A faithful copy of all the data is the goal; omit the pictures.

Given data:
------------------------

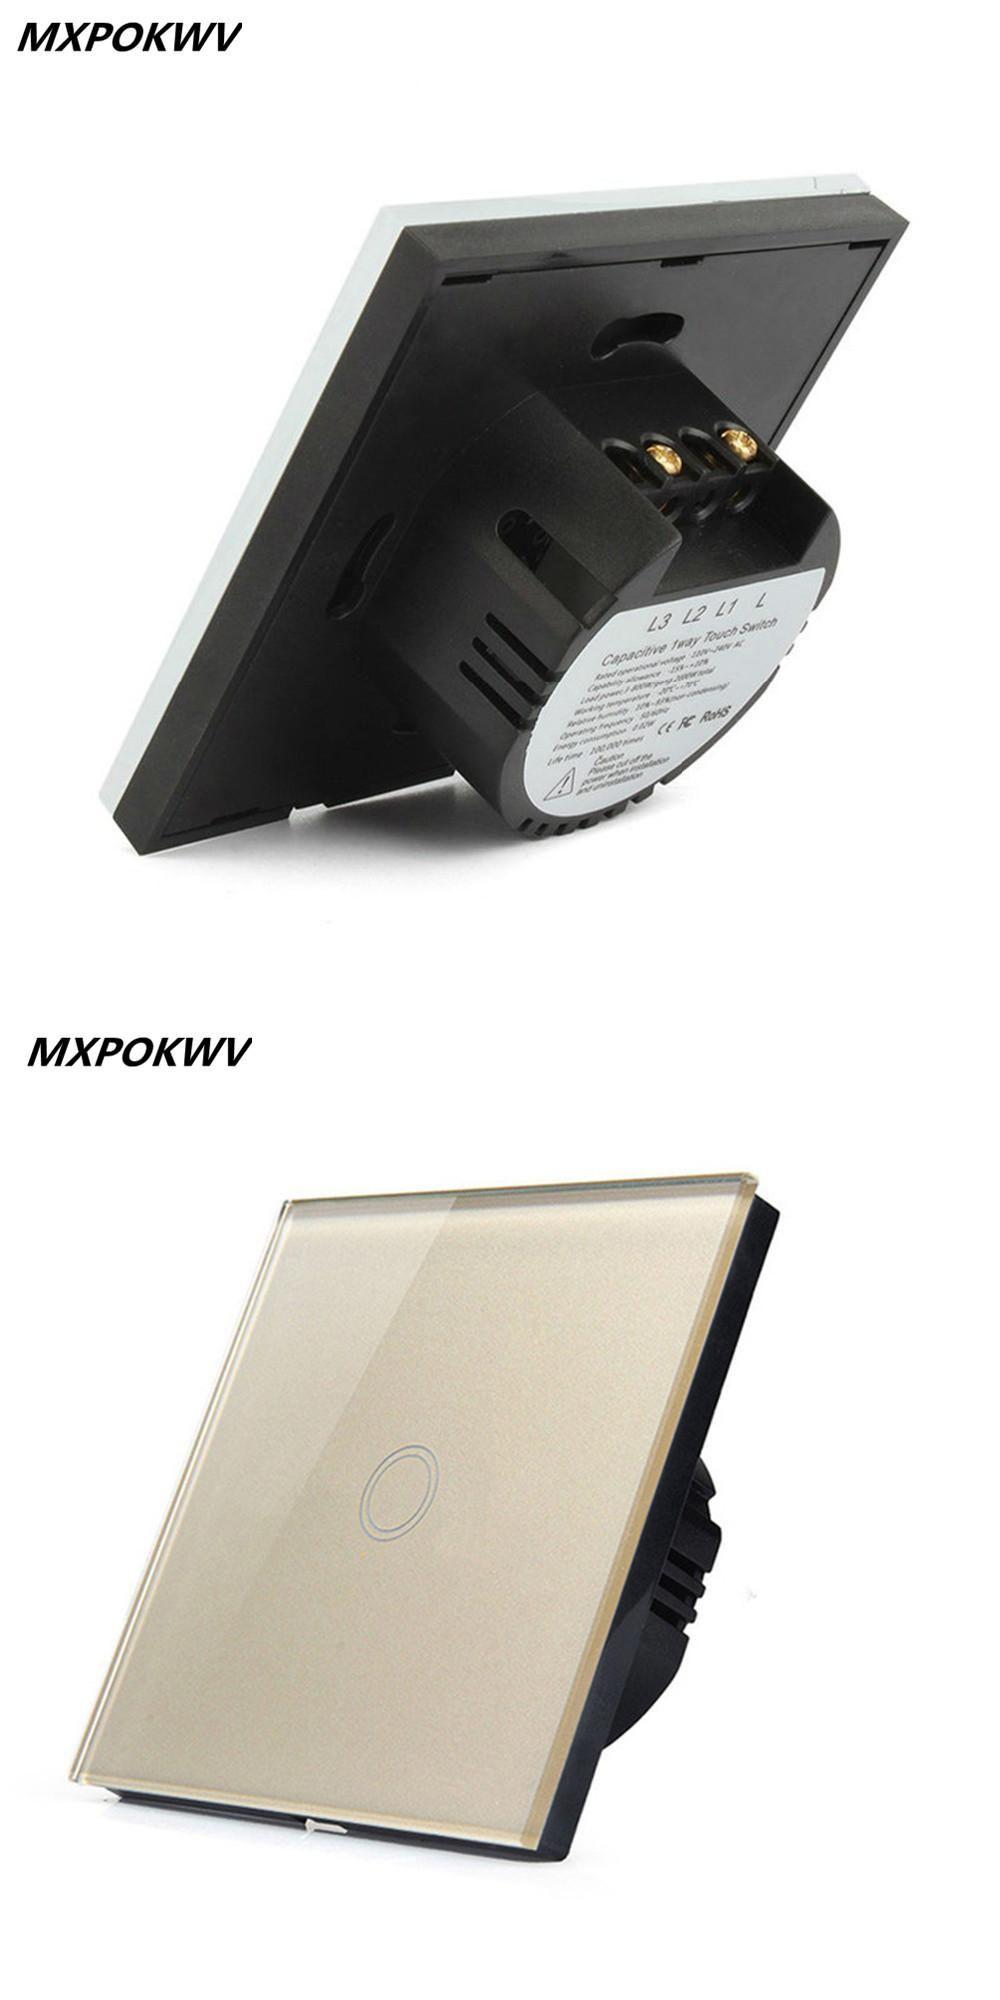 Mxpokwv Eu Standard Crystal Glass Switch 1 Gang Way Smart Home 4 Light Wall Touch
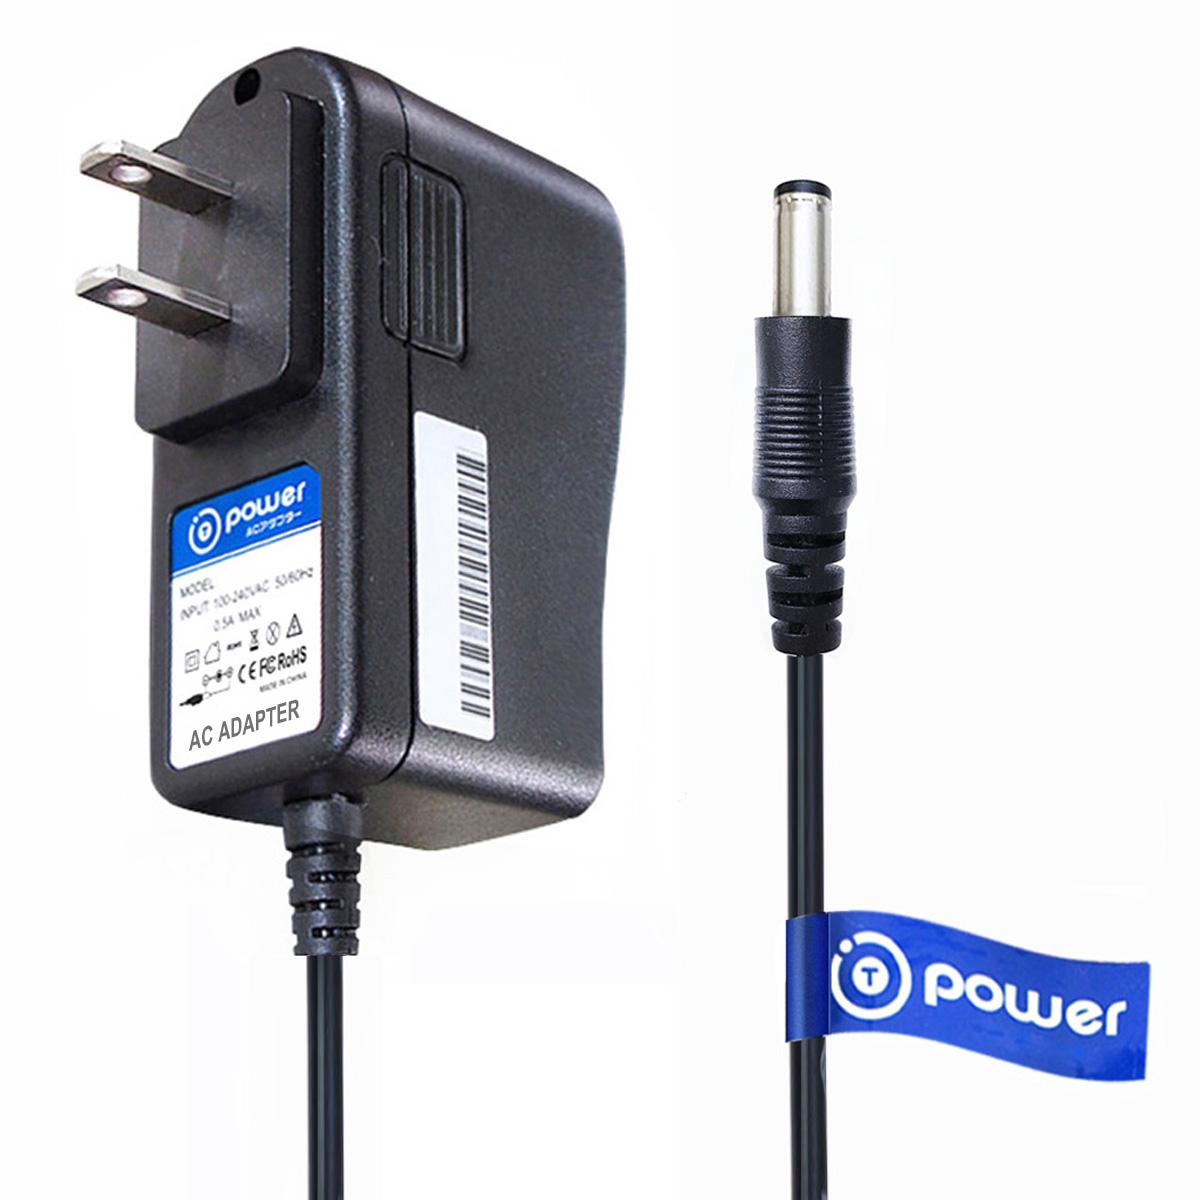 T-Power Ac adapter for Cyclops Sirius 250 500 , CYC-S250 CYC-X500H Lumen Handheld Spotlight w/6 LED Lights Charger Power supply
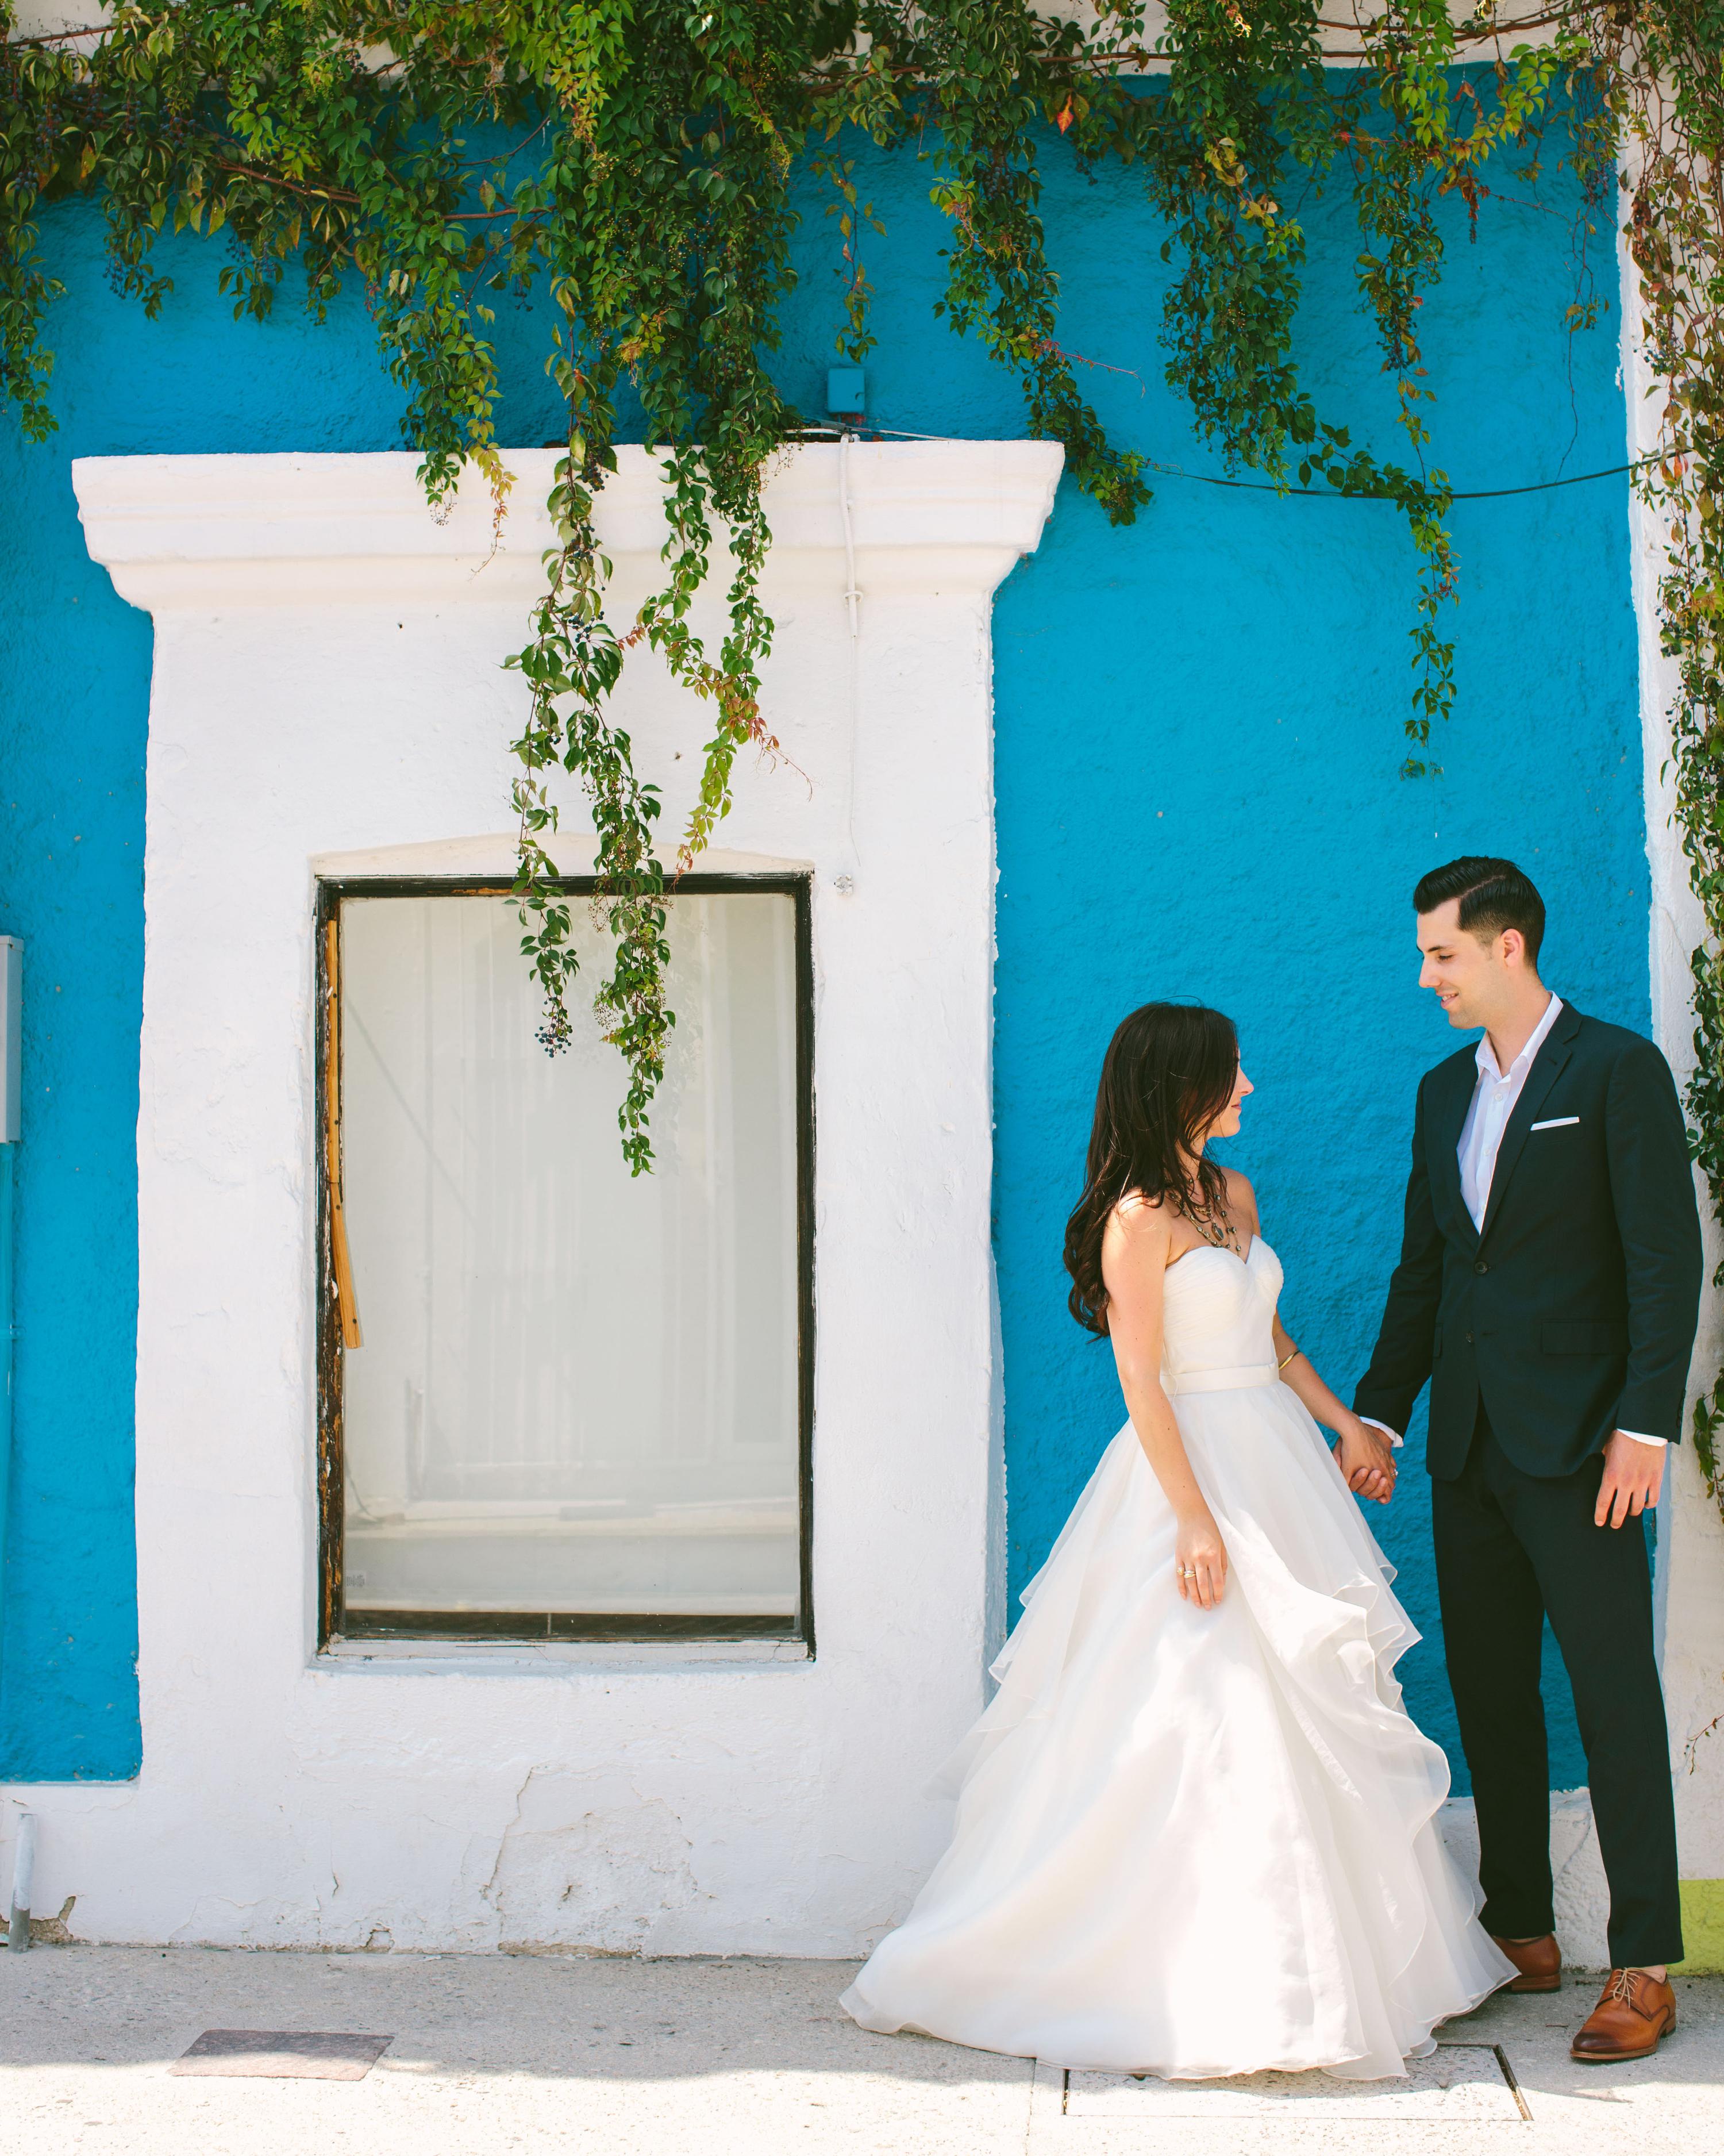 ali-jess-wedding-couple-229-002-s111717-1214.jpg

------------------------

Response to this task:
 Mxpokwv Eu Standard Crystal Glass Switch 1 Gang Way Smart Home 4 Light Wall Touch
 T-Power Ac adapter for Cyclops Sirius 250 500 , CYC-S250 CYC-X500H Lumen Handheld Spotlight w/6 LED Lights Charger Power supply
 ali-jess-wedding-couple-229-002-s111717-1214.jpg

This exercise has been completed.